The problem: The material below includes pictures; leave them out and return only the lines between the line containing "Salsa in Schweinfurt" and the line containing "Muster_fuer_die_Dokumentation_der_Unterweisung.pdf DocDroid", inclusive, word for word.

Source material:

__________

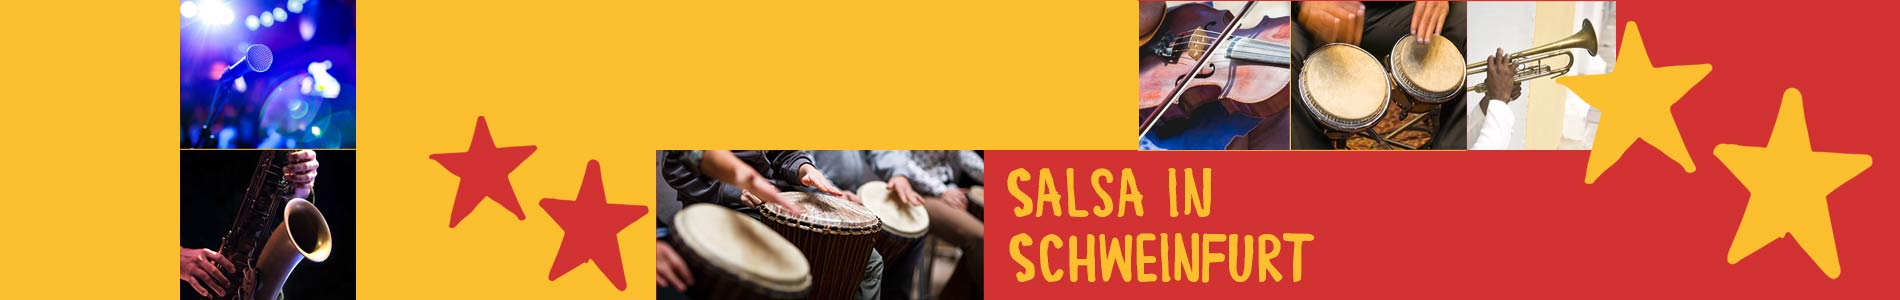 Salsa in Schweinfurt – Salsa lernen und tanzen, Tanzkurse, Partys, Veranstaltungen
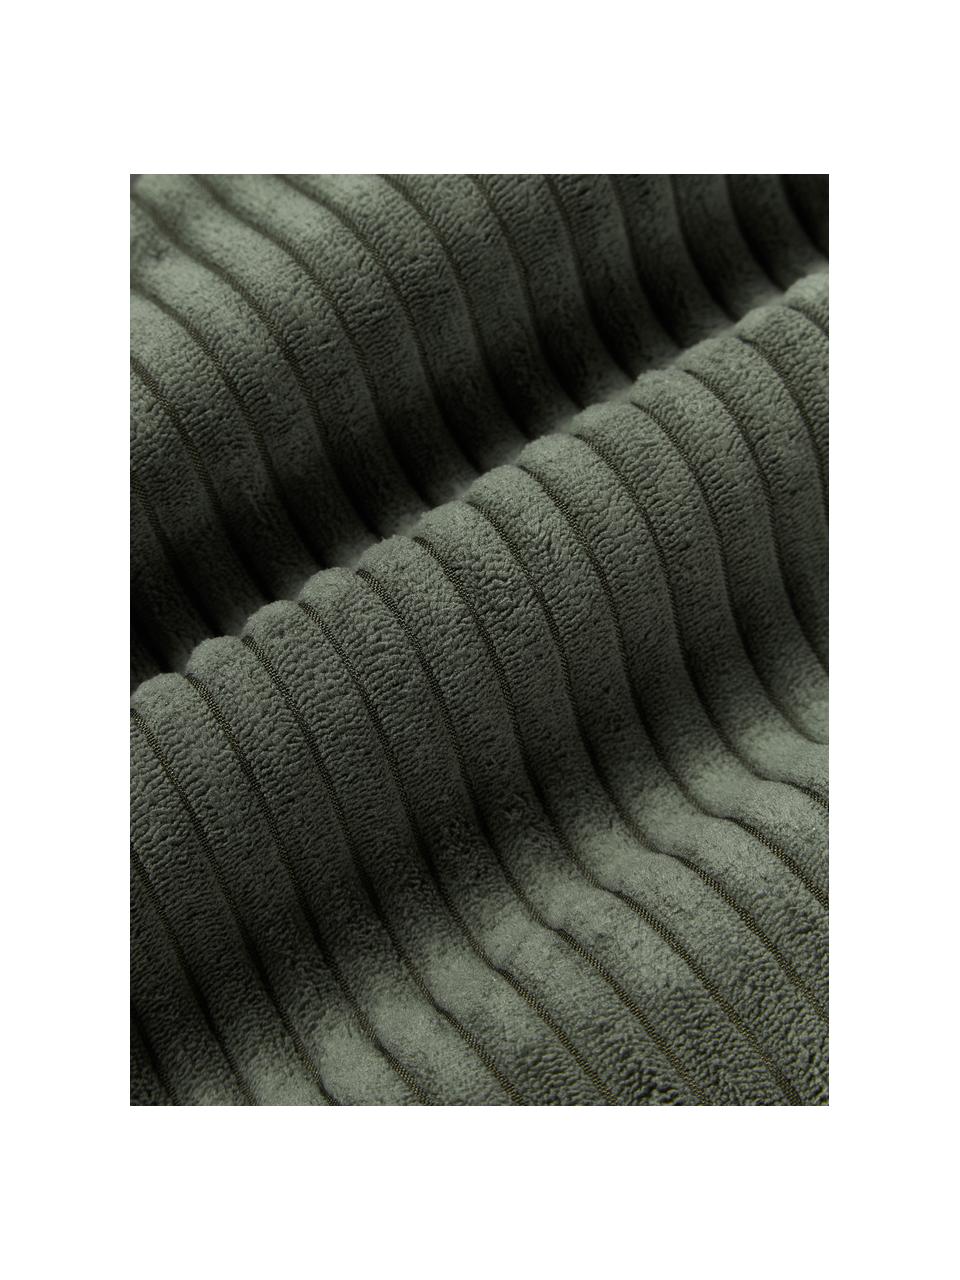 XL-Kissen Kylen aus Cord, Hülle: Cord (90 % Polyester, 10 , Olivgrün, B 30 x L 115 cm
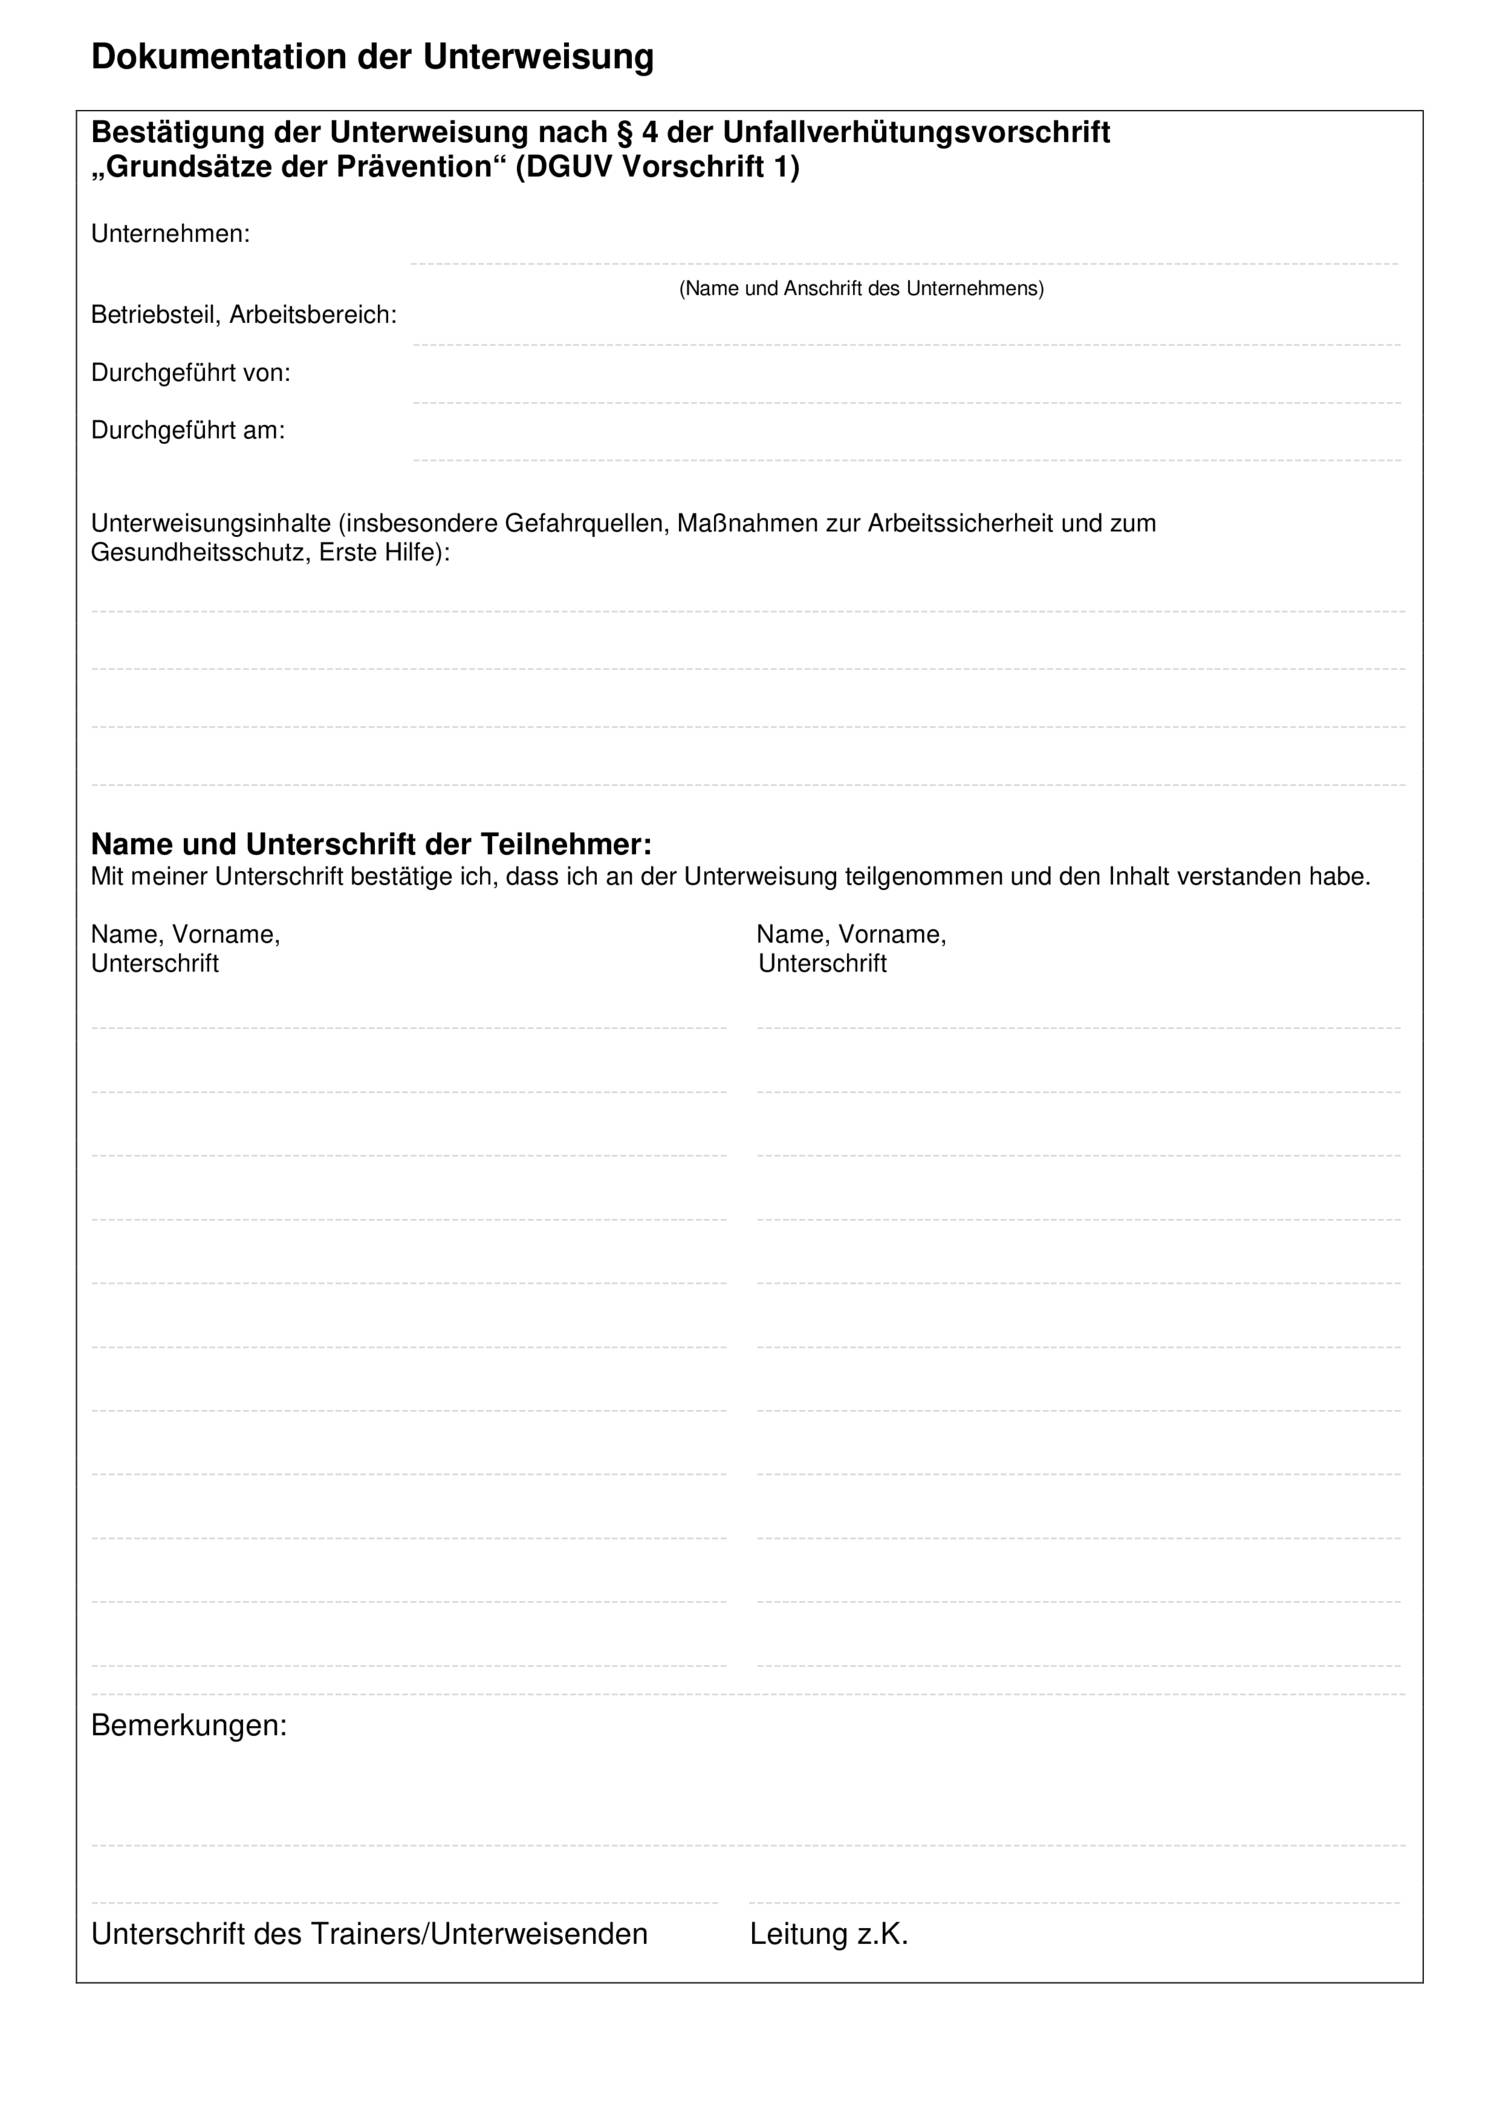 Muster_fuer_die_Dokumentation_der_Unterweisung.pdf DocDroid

__________

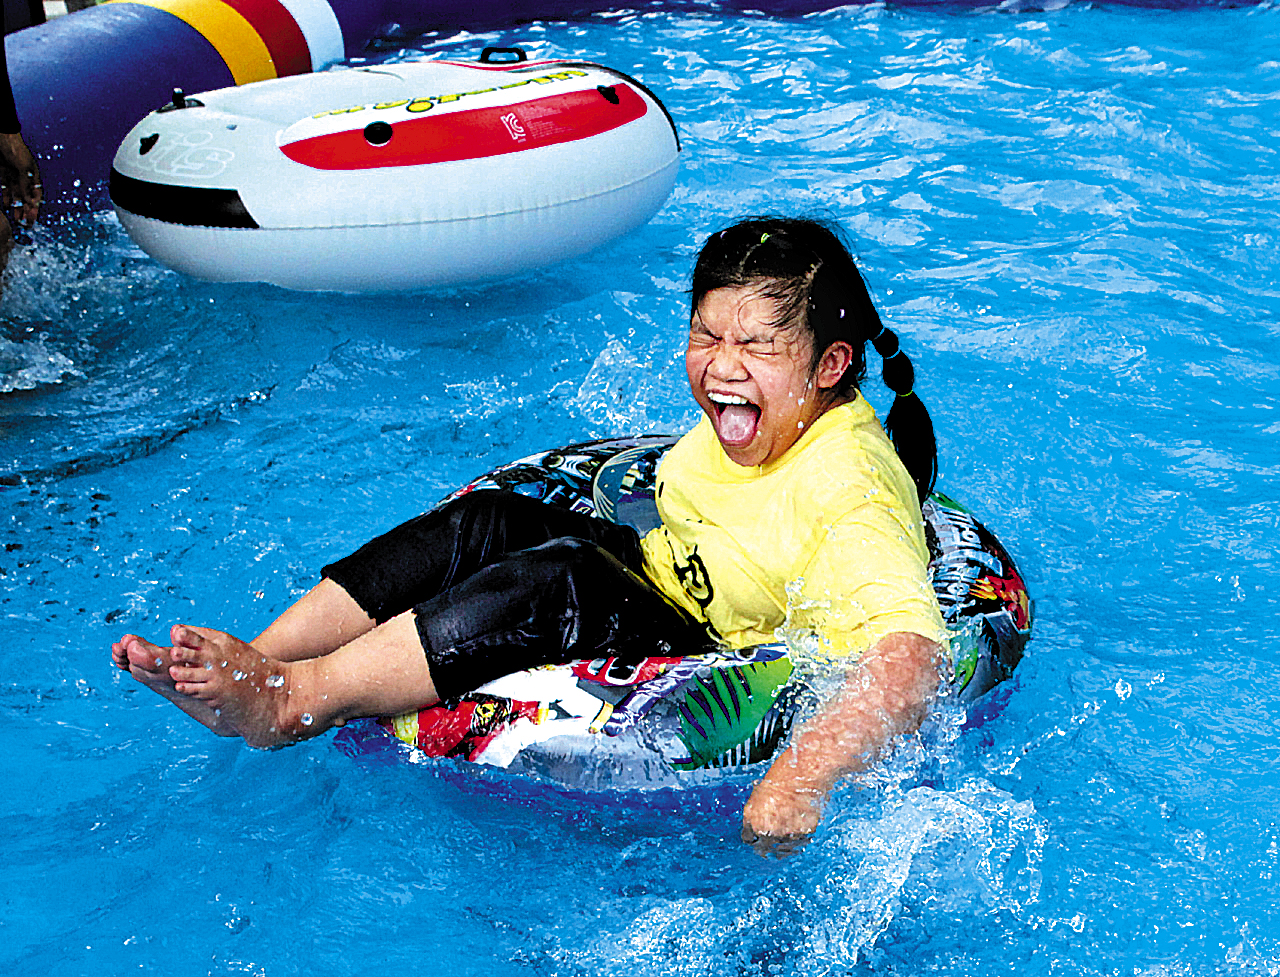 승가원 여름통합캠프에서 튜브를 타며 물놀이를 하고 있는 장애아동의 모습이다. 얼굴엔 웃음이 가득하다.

__________

Result:
 Salsa in Schweinfurt – Salsa lernen und tanzen, Tanzkurse, Partys, Veranstaltungen
 XL-Kissen Kylen aus Cord, Hülle: Cord (90 % Polyester, 10 , Olivgrün, B 30 x L 115 cm
 Muster_fuer_die_Dokumentation_der_Unterweisung.pdf DocDroid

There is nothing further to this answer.